Mbah Qodim menatap pak RW dengan teliti “Sekali lagi mbah ulangi, itu tergantung makanan apa yang kita berikan untuk jiwa kita, bila makanan jiwa kita selalu jelek ya yang ada kedangkalan berfikir sehingga cela, hina dan olok-olok cepat sekali keluar dari dalam diri kita, fahamilah bapak-bapak, semua yang ada di dunia ini, apapun yang akan terjadi selalu ADA TANDA-TANDANYA …. Nah Allah SWT itu adalah Dzat Maha Hebat dalam taktik dan strategi, bisa saja DIA sebelumnya memberikan tanda-tanda dengan angin, burung-burung, kelahiran bayi, ocehan orang gila, status FB seorang wanita yang tidak sengaja minta gempa, atau bisa saja muhabalah seorang yang merasa teraniaya, intinya adalah Allah SWT ingin memberi pesan sebelum hal itu terjadi, maka dahulu Rasulullah SAW pernah bersabda tentang ramalan masa depan yang saat ini banyak terjadi, atau sanepan para wali yang ternyata mengandung arti, jadi Allah SWT adalah Dzat Yang Maha menentukan dengan cara apa DIA memberikan tanda-tandanya, jadikan hal itu untuk meningkatkan keimanan kita, jangan terjebak siasat syetan yang akan menggelincirkan keimanan kita, mengenai bencana itu karena maksiat, bapak-bapak silahkan baca sendiri dalan kitab Al Quran dan Hadist Nabi, apa yang diberikan oleh kedua pedoman tersebut imani dengan sungguh-sungguh, bila ada yang menjawabnya secara alamiah dan meniadakan unsur Ilahiyah ya itu pertanda jiwanya sering makan makanan keduniawian”. 

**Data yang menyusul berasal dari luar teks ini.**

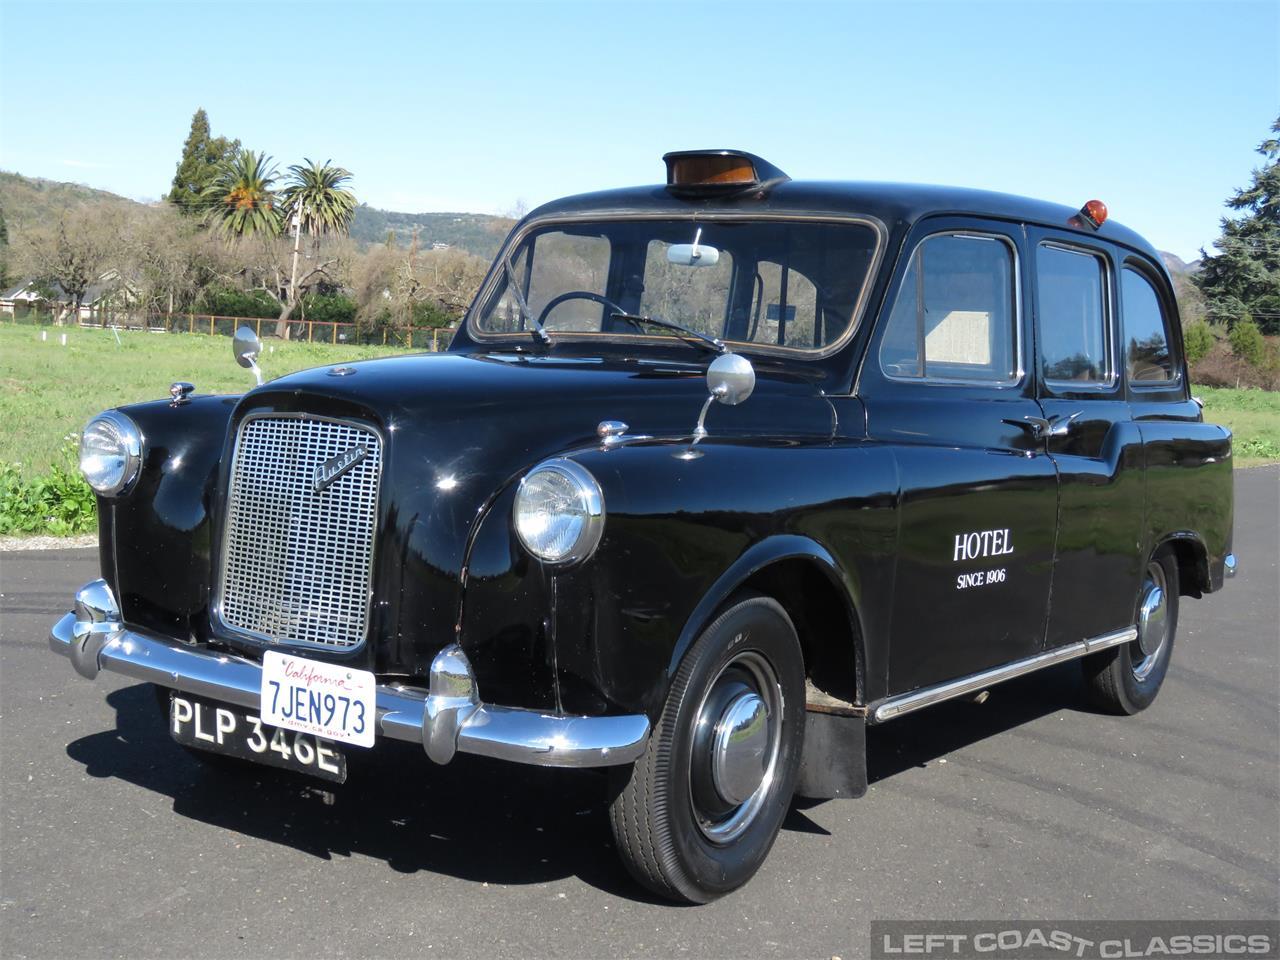 Large Picture of '67 Austin FX4 Taxi Cab located in SONOMA California - PKBX

Pak RW “Lalu apa yang semestinya kita lakukan mbah?”

Mbah Qodim “Pemerintah dan masyarakat harusnya mulai tanggap akan keadaan diri, banyak-banyaklah mohon ampun dan mulai memperbaiki prilaku yang tidak disukai oleh Sang Penguasa Ala mini …. Mbah lihat contoh positif yang sudah dilakukan TNI, se Indonesia mereka menggelar doa bersama, semoga ini bisa di jadikan contoh untuk seisi negeri sebelum banyak lagi tangisan-tangisan dan kesengsaraan yang datang menghampiri”.

Pak RW “Jika itu tidak dilakukan mbah?”

Mbah Qodim “Berarti kita semua sedang dalam ayakan besar yang bernama hisab dunia … dimana saat kita diayak maka akan terbagi 2 golongan … HALUS dan KASAR …. Atau bahasa lain LANJUT atau BERHENTI !!!”